## What to produce
Write the data below out exactly as it stands. Do not include the pictures.

## Given data

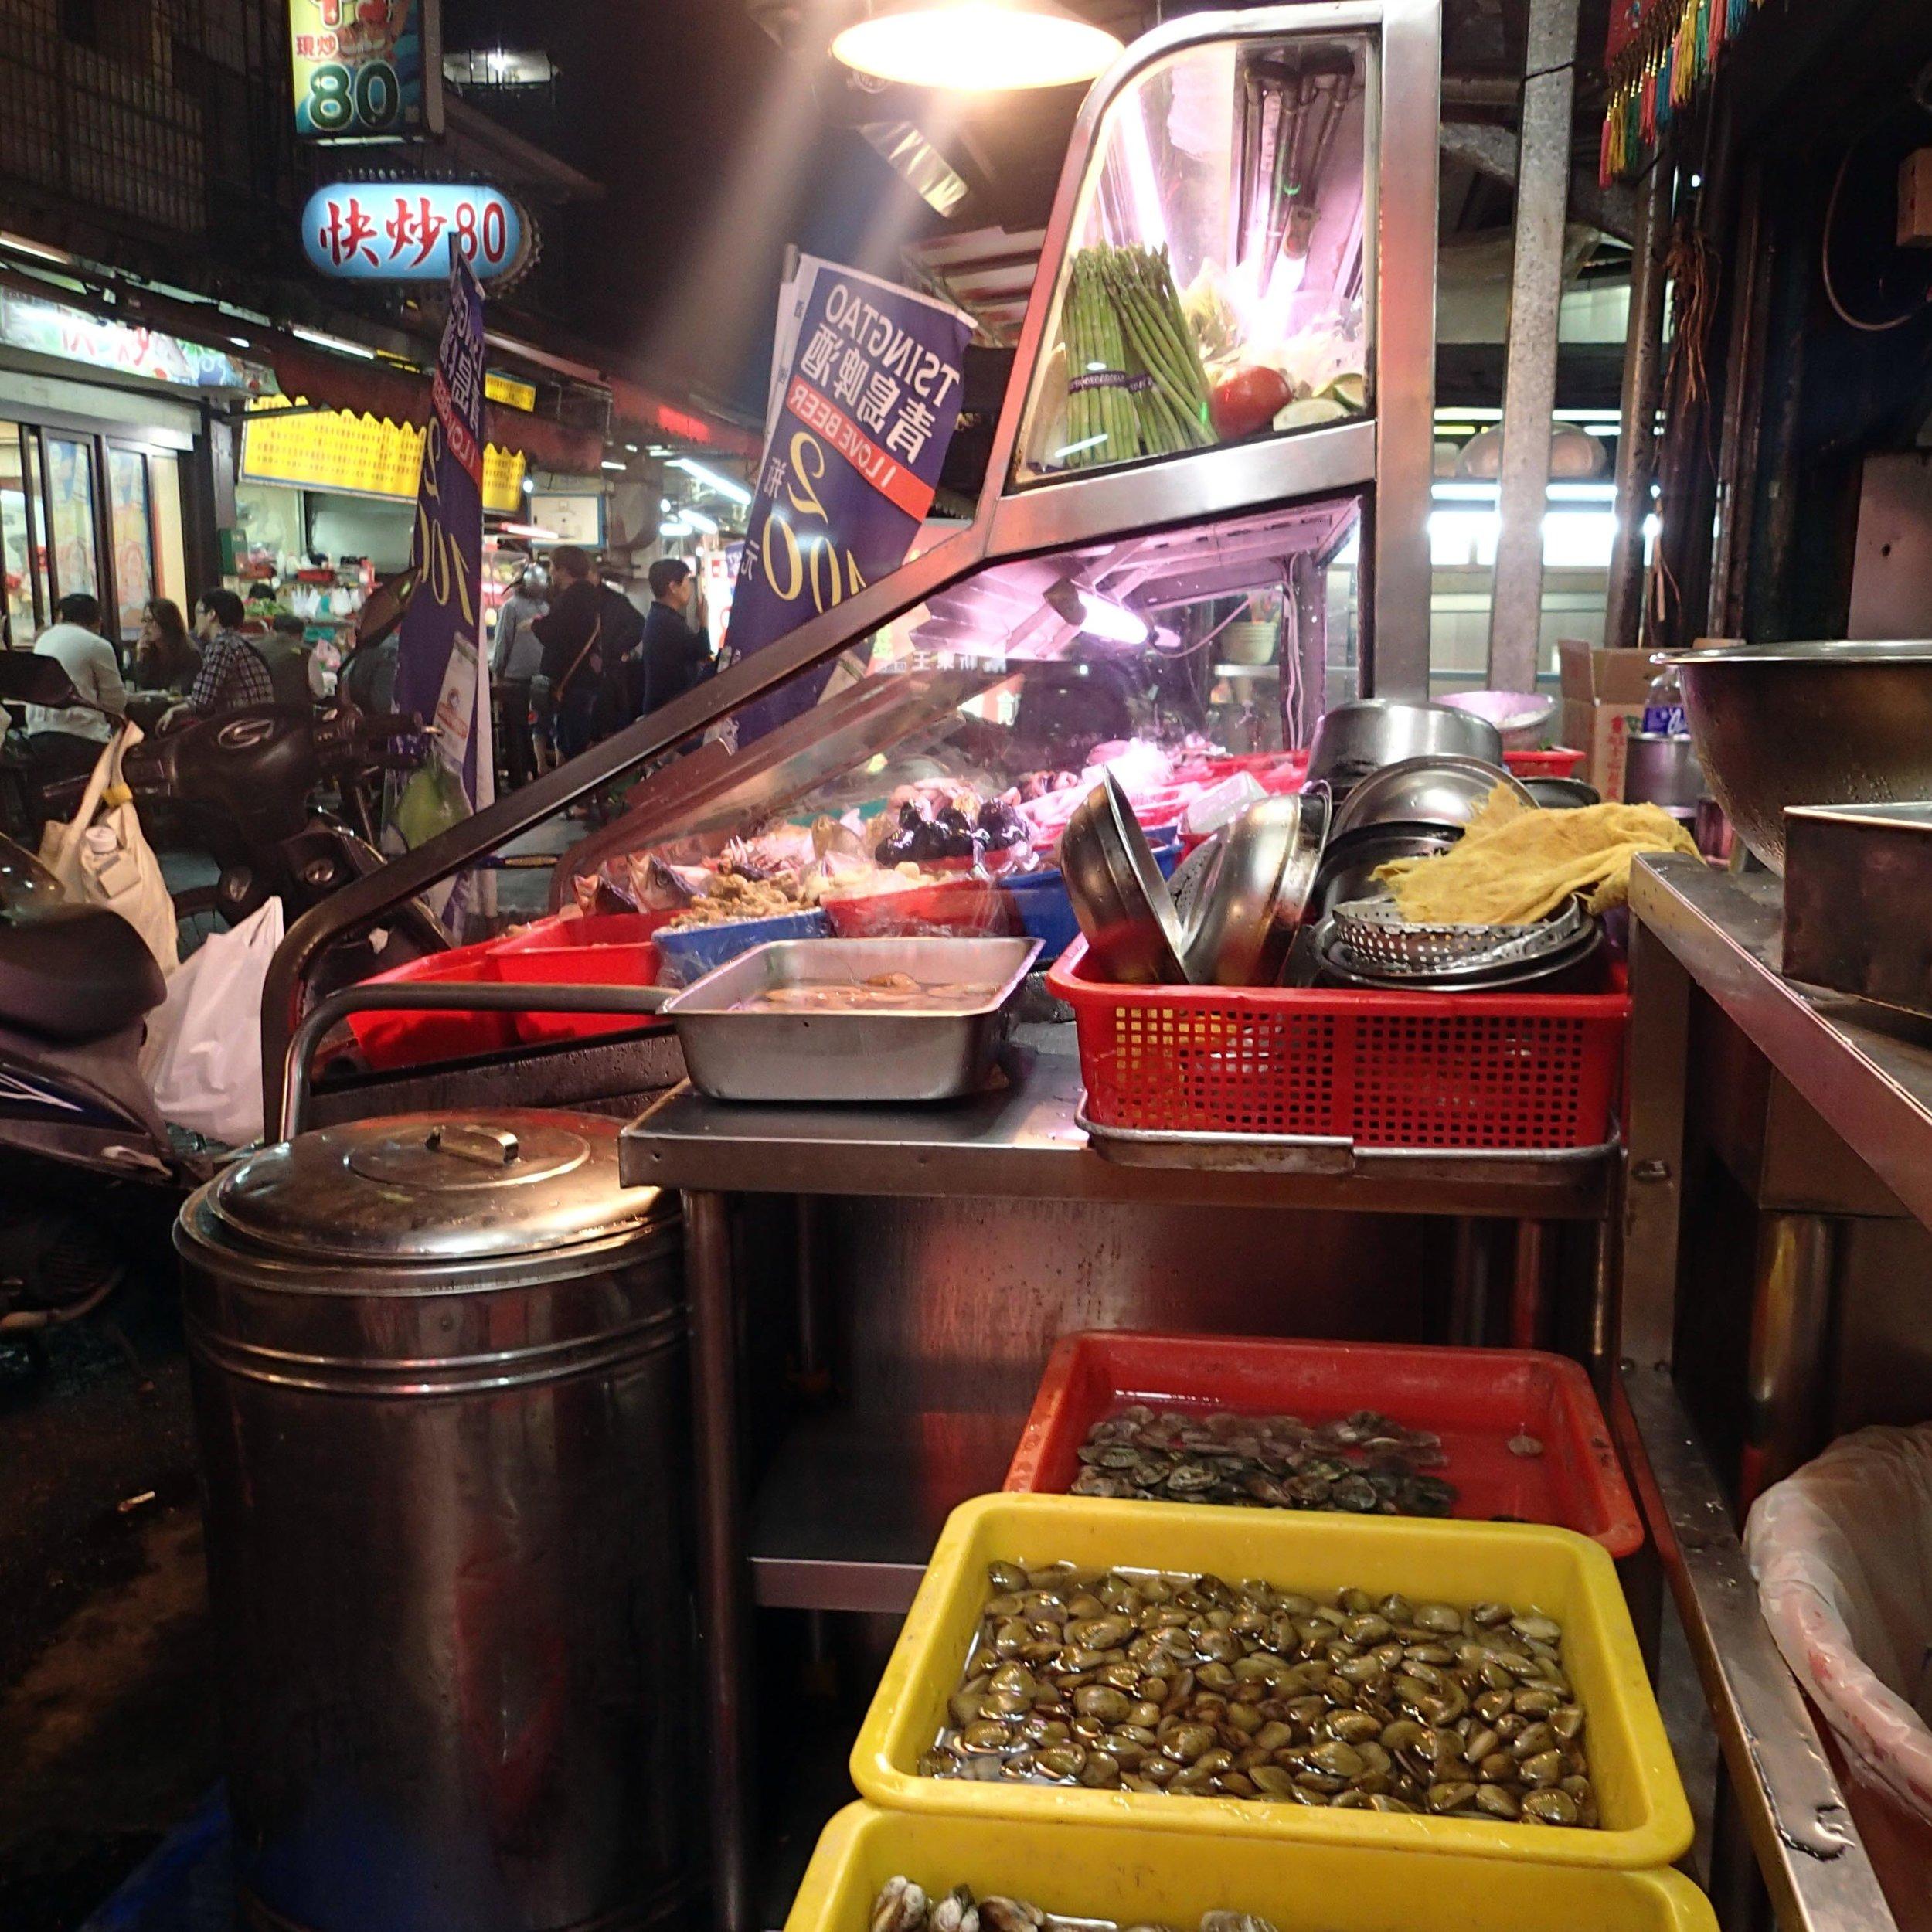 Nanjichang stir fry street.jpg
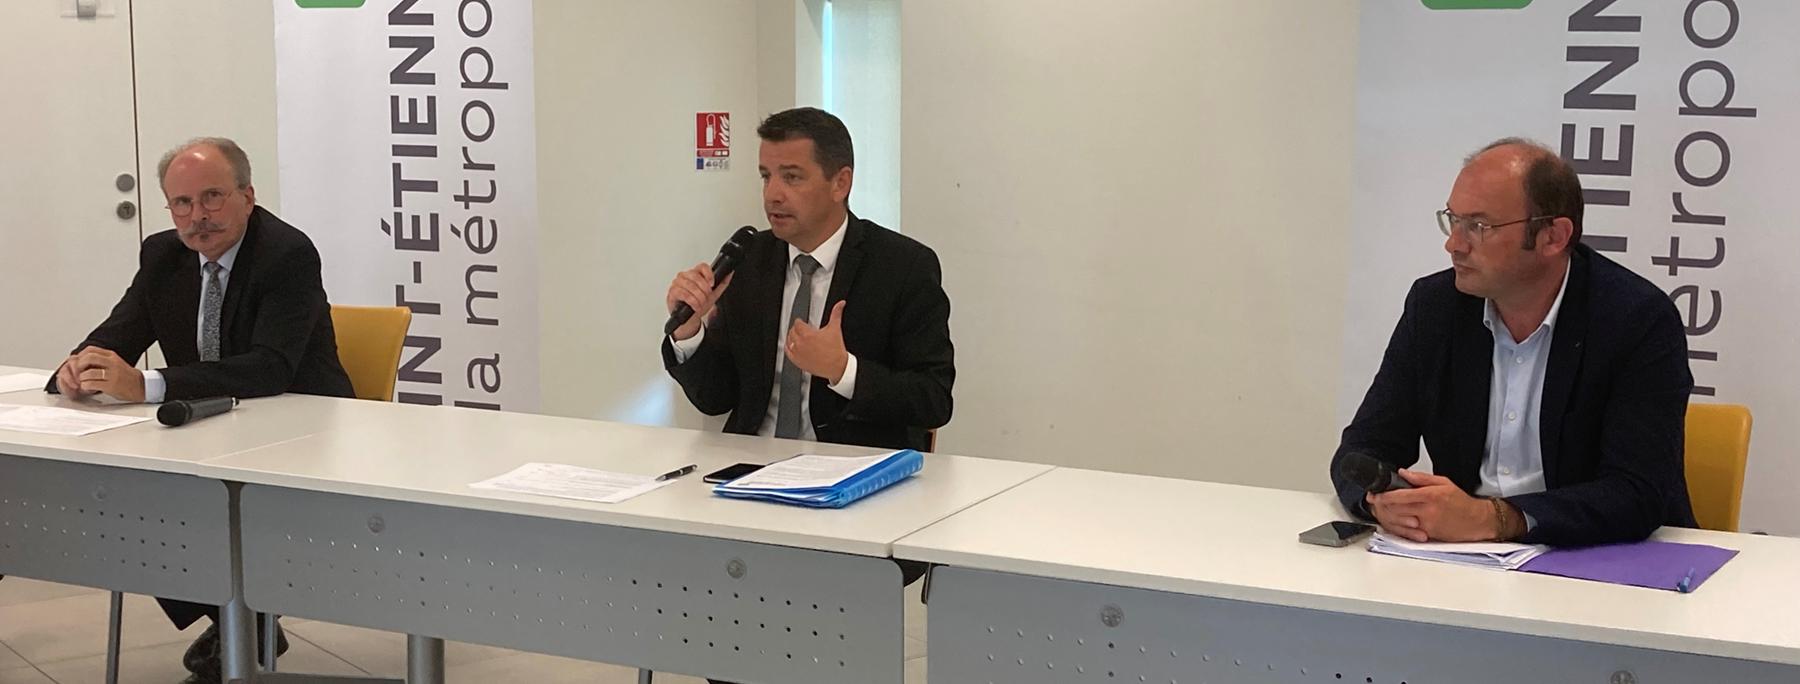 Réunion fdes mairies - Pacte financier et fiscal
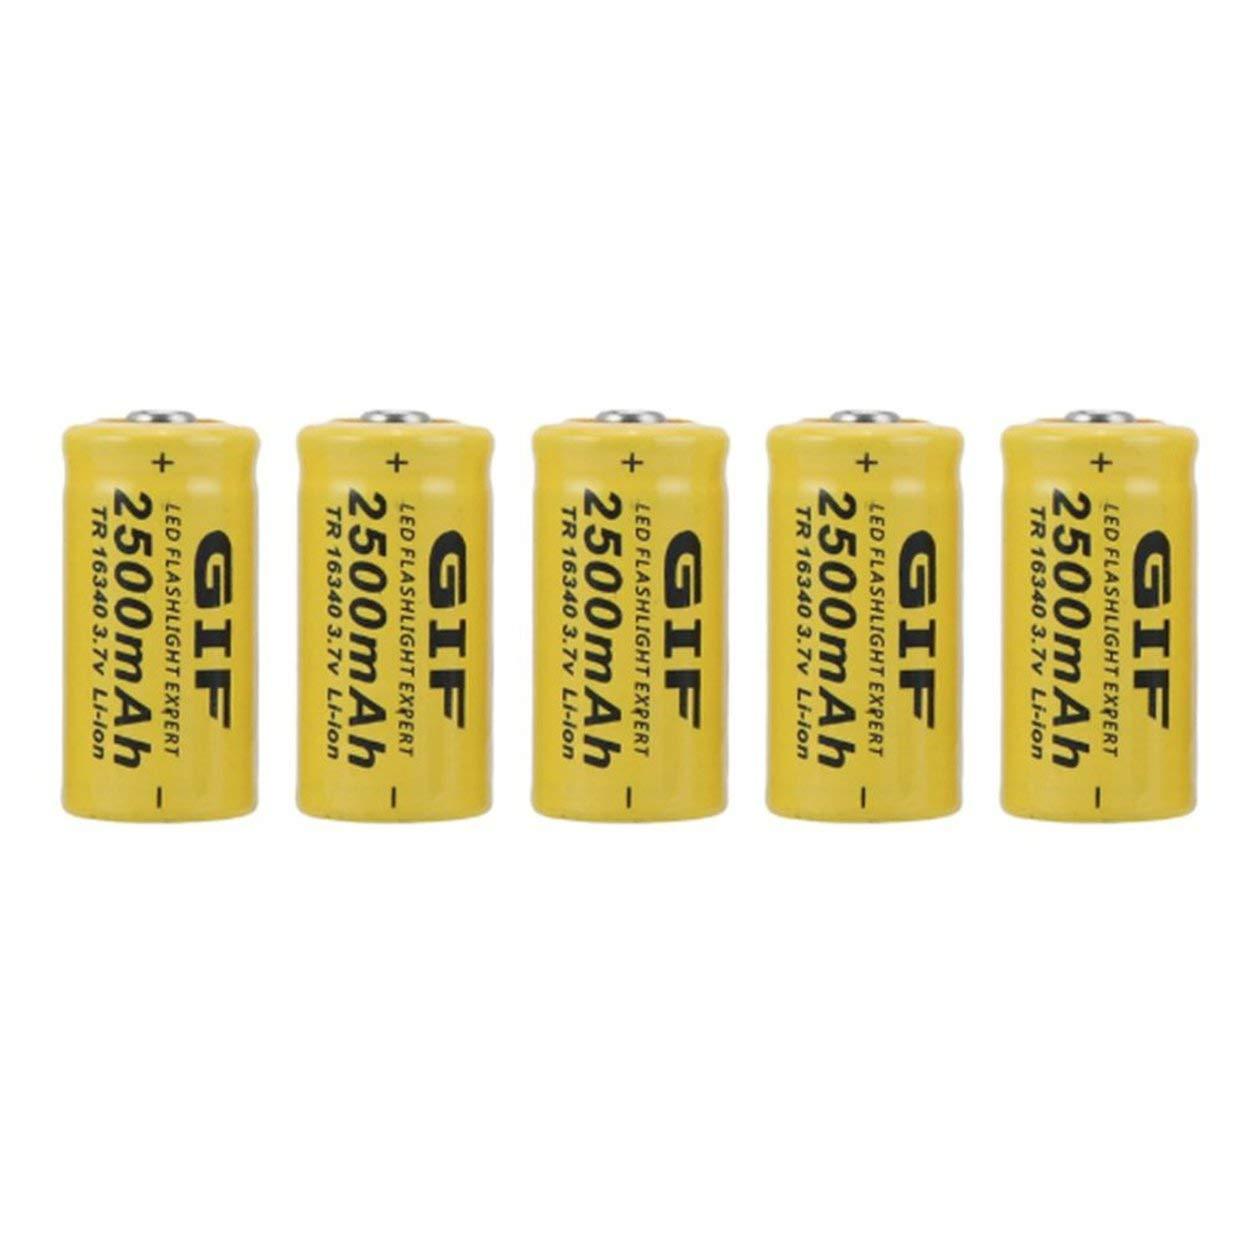 Recargable kit de baterías para la cámara de Netgear Arlo Seguridad - paquete de 20 baterías,amarillo: Amazon.es: Bebé

## Solved problem
 Nanjichang stir fry street.jpg
 Réunion fdes mairies - Pacte financier et fiscal
 Recargable kit de baterías para la cámara de Netgear Arlo Seguridad - paquete de 20 baterías,amarillo: Amazon.es: Bebé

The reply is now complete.